Pretrained network for multi-class classification

Hi,

I am very new to MXNet and Gluon. I took the “Transfering knowledge through finetuning” example from http://gluon.mxnet.io/chapter08_computer-vision/fine-tuning.html and I am trying to do use it on my own data for multi-class classification. My labels are n-hot. I just substituted loss = gluon.loss.SoftmaxCrossEntropyLoss() with loss = gluon.loss.SigmoidBinaryCrossEntropyLoss() However the error loss doesn’t go down. Is this the way to go for multi-class classification? Here is my code: https://gist.github.com/mongoose54/8d47be1359691bae3b2470dfab60fc00

Anyone who has some idea? I would love to switch to MxNet. So much faster.

Hi @mongoose54, it is my understanding that if you are training a multiclass problem you cannot use SigmoidBinaryCrossEntropyLoss since it expects - for a single datum - a single probability value, not a vector (in 1-hot representation) of probabilities for various classes. You need to use SoftmaxCrossEntropyLoss and specify manually the axis of dimension in which 1hot probabilities live.

@feevos Thanks for the input. I have to use SigmoidBinaryCrossEntropyLoss because of I am doing an N-hot classification. I agree with you if it was a 1-Hot I would have to use SoftmaxCrossEntropyLoss .

Hi @mongoose54, thanks, this is something I don’t know. Can I please ask what is the difference between one-hot and n-hot representation? I’ve never seen n-hot anywhere, any links?

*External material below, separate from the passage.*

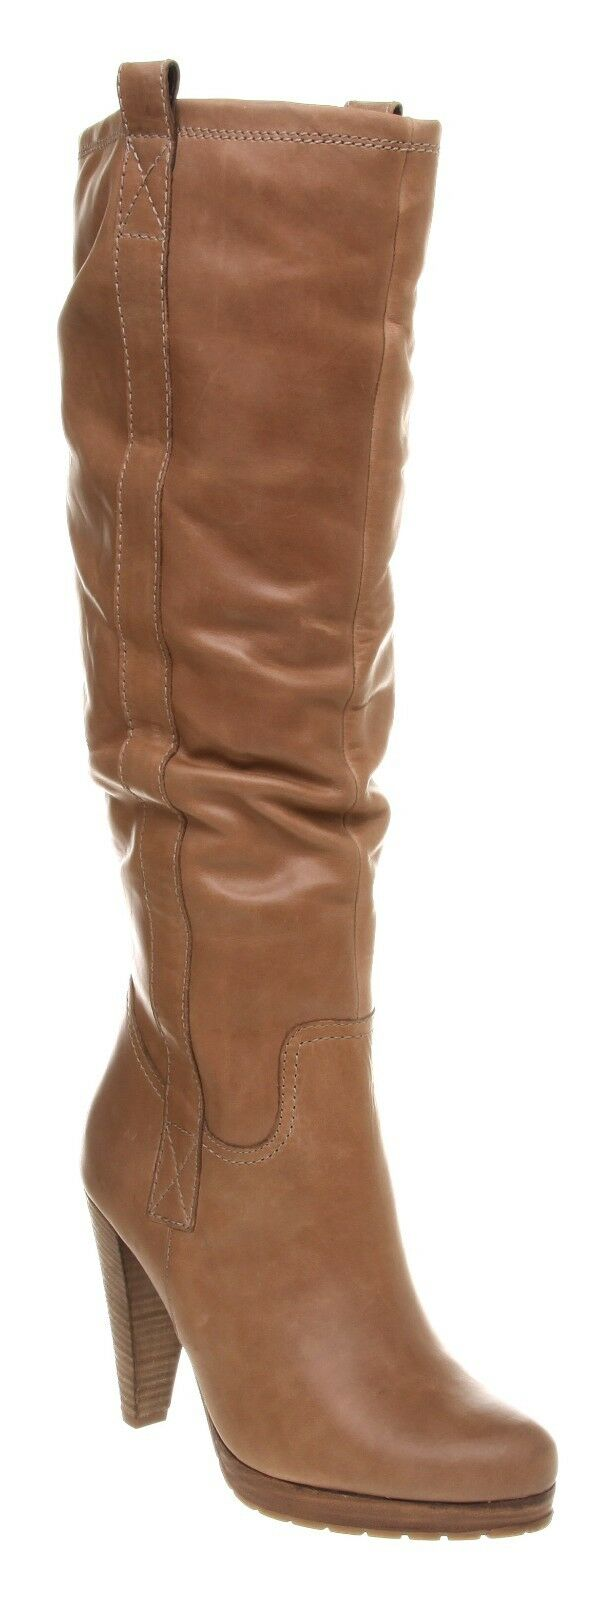 Office Conform Platform Knee Bt Natural Leather Boots Reg-Price $259.99

@feevos You are right. The term N-hot is not popular but it is used to describe Multi-label classification (https://en.wikipedia.org/wiki/Multi-label_classification) in which you have more than one class assigned per sample e.g.[ 0 0 1 0 1] , hence the term N-hot instead of one-hot I should have used the Multi-label classification term instead. My bad.

1 Like